Berita Duka: Nyai Hj Noor Istri KH Ulin Nuha Arwani Kudus Wafat
Innalillahi Wainna Ilaihi Roji’un…..
Berita duka datang dari Kota Kudus, salah satu kekasih Allah Nyai Hj Noor Ismah Binti KH Abdullah Salam Kajen meninggal dunia. Beliau merupakan Istri dari KH Ulin Nuha Arwani Pengasuh Pondok Pesantren Tahfidz Yanbu’ul Quran Kudus Jawa Tengah. Nyai Hj Noor Ismah meninggal dunia malam ini Jumat 18/09/2020 pada pukul 20.30 WIB.
Ada salah satu kalimat yang membekas dihati para santri adalah pesan beliau:
“Satu hal yang diharapkan dari seseorang yang nderes itu bukan lancar, namun istiqomah. Apabila yang diharapkan lancar, maka tidak mau istiqomah. Memang istiqomah itu berat, karena hadiahnya karomah. Bila hadiahnya bakwan ya mudah”. Demikian kalimat yang sering Nyai HJ Noor Ismah sampaikan kepada santri-santrinya.

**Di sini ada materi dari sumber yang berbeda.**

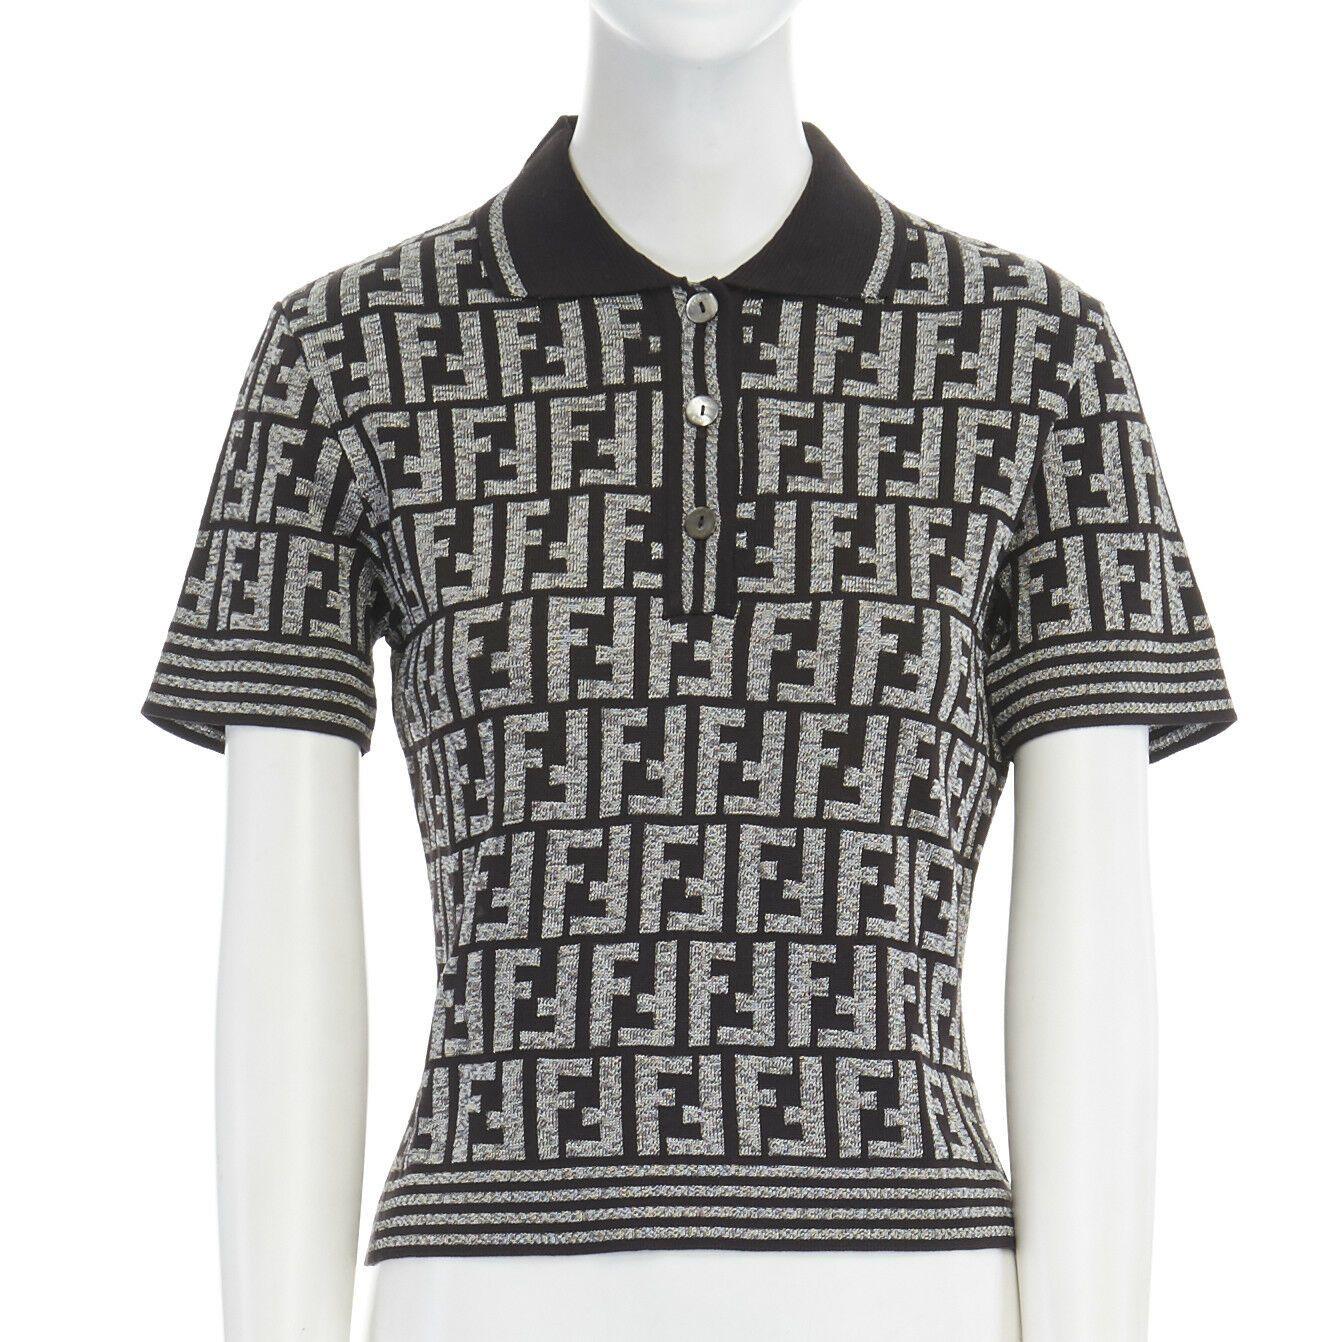 9.5/10 XS Authentiek Vintage Fendi zucca shirtConditie Kleding Meisjeskleding Tops & T-shirts T-shirts T-shirts met print 
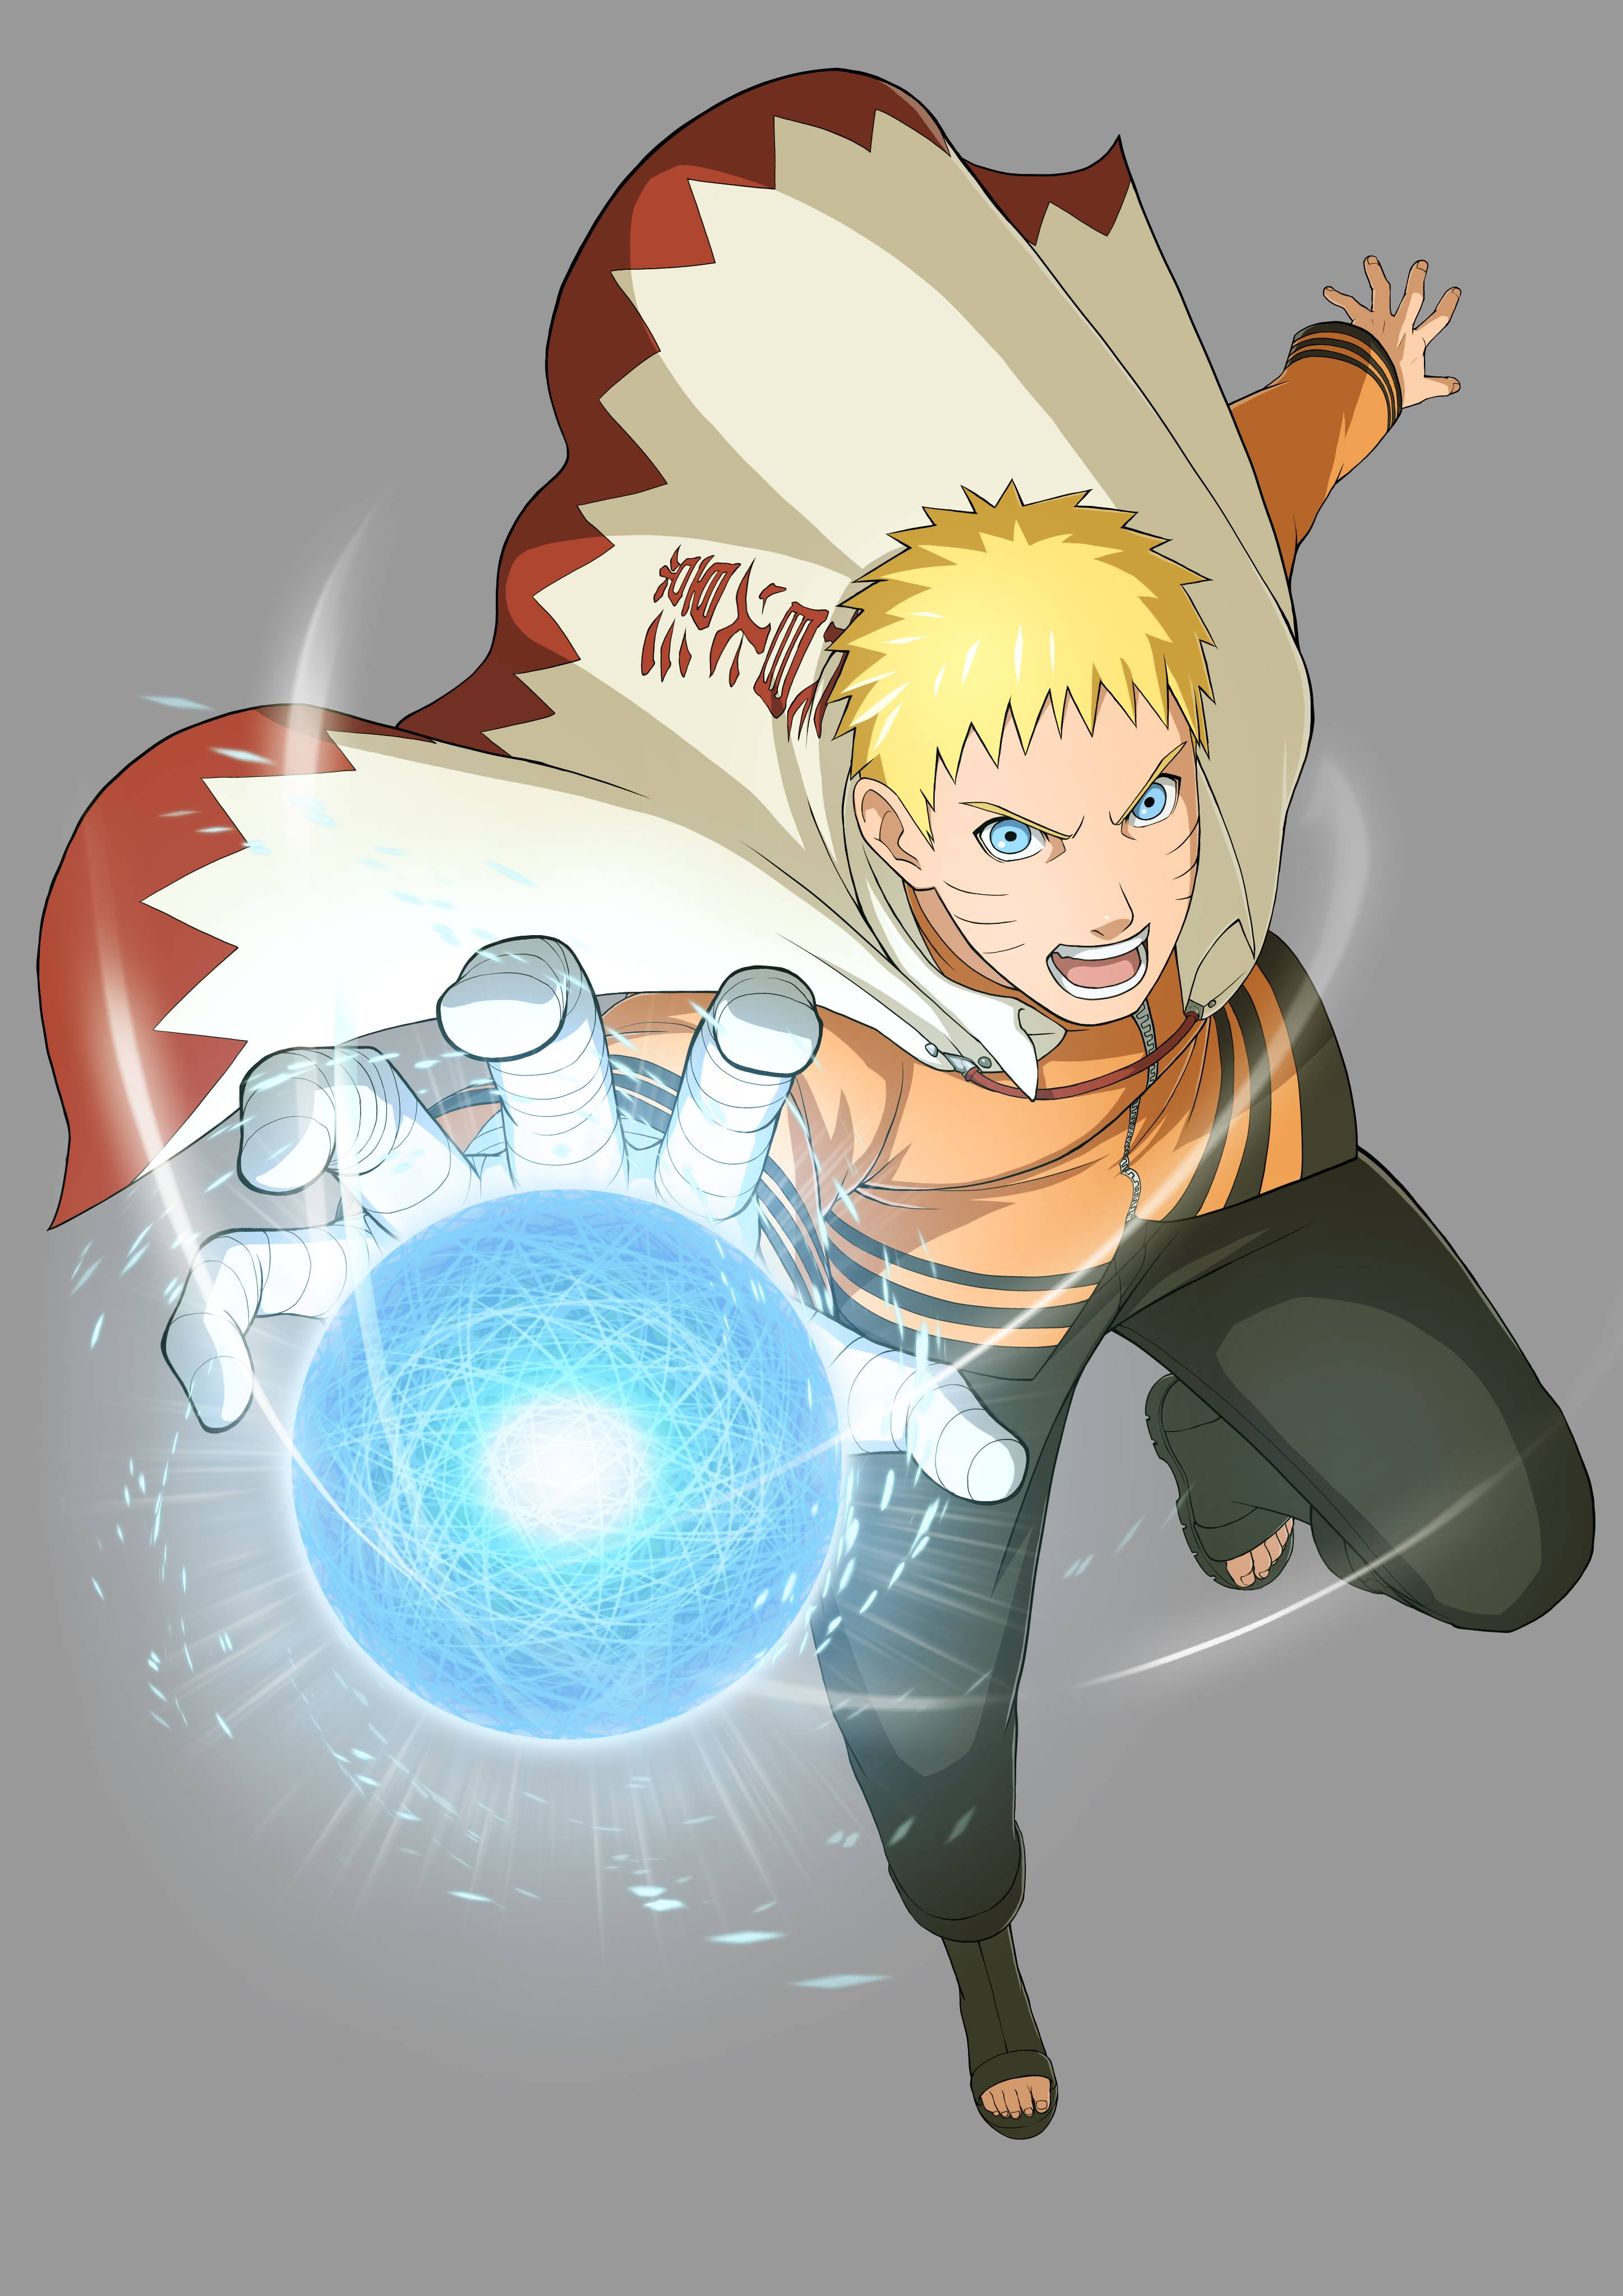 Hokage (Naruto) - Desktop Wallpapers, Phone Wallpaper, PFP, Gifs, and More!

Semoga Nyai Hj. Noor Ismah Binti KH Abdullah Salam Kajen mendapatkan tempat terbaik disisi Allah SWT. Aamiin
Laha Al Fatihah…..
Innalillahi, Nyai Hj Noor Ismah Istri KH Ulin Nuha Arwani Kudus Wafat.
Baca pula artikel terkait:
Menuju Madinah dalam Sekejap, Karomah Mbah Arwani dan Mbah Mansur
KH. Mansur bin Hadi Popongan, Klaten adalah guru Thariqahnya Mbah Arwani Amin Kudus. Saat Mbah Mansur dirawat di sebuah Rumah Sakit di Kota Solo, Mbah Arwani menjenguk gurunya itu. Di sela-sela obrolan guru dan muridnya tersebut, tiba-tiba Mbah Mansur minta sesuatu kepada Mbah Arwani, “Arwani, saya ingin sekali makan kurma hijau, apa sampeyan bisa mencarikan untukku ?.”
Dengan bergegas Mbah Arwani pun menyanggupi permintaan gurunya itu. Dalam sekejap, setelah Mbah Arwani keluar dari kamar tempat gurunya dirawat, Mbah Arwani langsung tiba di Kota Madinah Al-Munawwarah.
Setelah sampai di Madinah, Mbah Arwani pun langsung mencari kurma hijau di sebuah pasar Kota Madinah. Sehabis membeli kurma hijau, Mbah Arwani tidak ingin menyia-nyiakan waktunya untuk ziarah ke makam Rasulullah SAW dan shalat di Masjid Nabawi. Namun, baru beberapa rakaat shalat selesai didirikan, Mbah Arwani melihat gurunya sudah berada di belakangnya. Betapa kaget Mbah Arwani karena sudah disusul oleh gurunya itu. Gurunya pun dawuh, “Selesai shalat langsung pulang, ya?”
Mbah Arwani pun menjawab, “Nggih, Mbah Yai.”
Demikian kisah istimewa yang penuh hikmah ini. Menuju Madinah dalam Sekejap, Karomah Mbah Arwani dan Mbah Mansur bisa menjadi pelajaran berharga bagi semua.
Semoga apa yang ada dalam kisah tersebut bisa kita ambil hikmah dan menjadi tambahan pengetahuan bagi kita semua. Amin.
Penulis: Akhmad Musta’in.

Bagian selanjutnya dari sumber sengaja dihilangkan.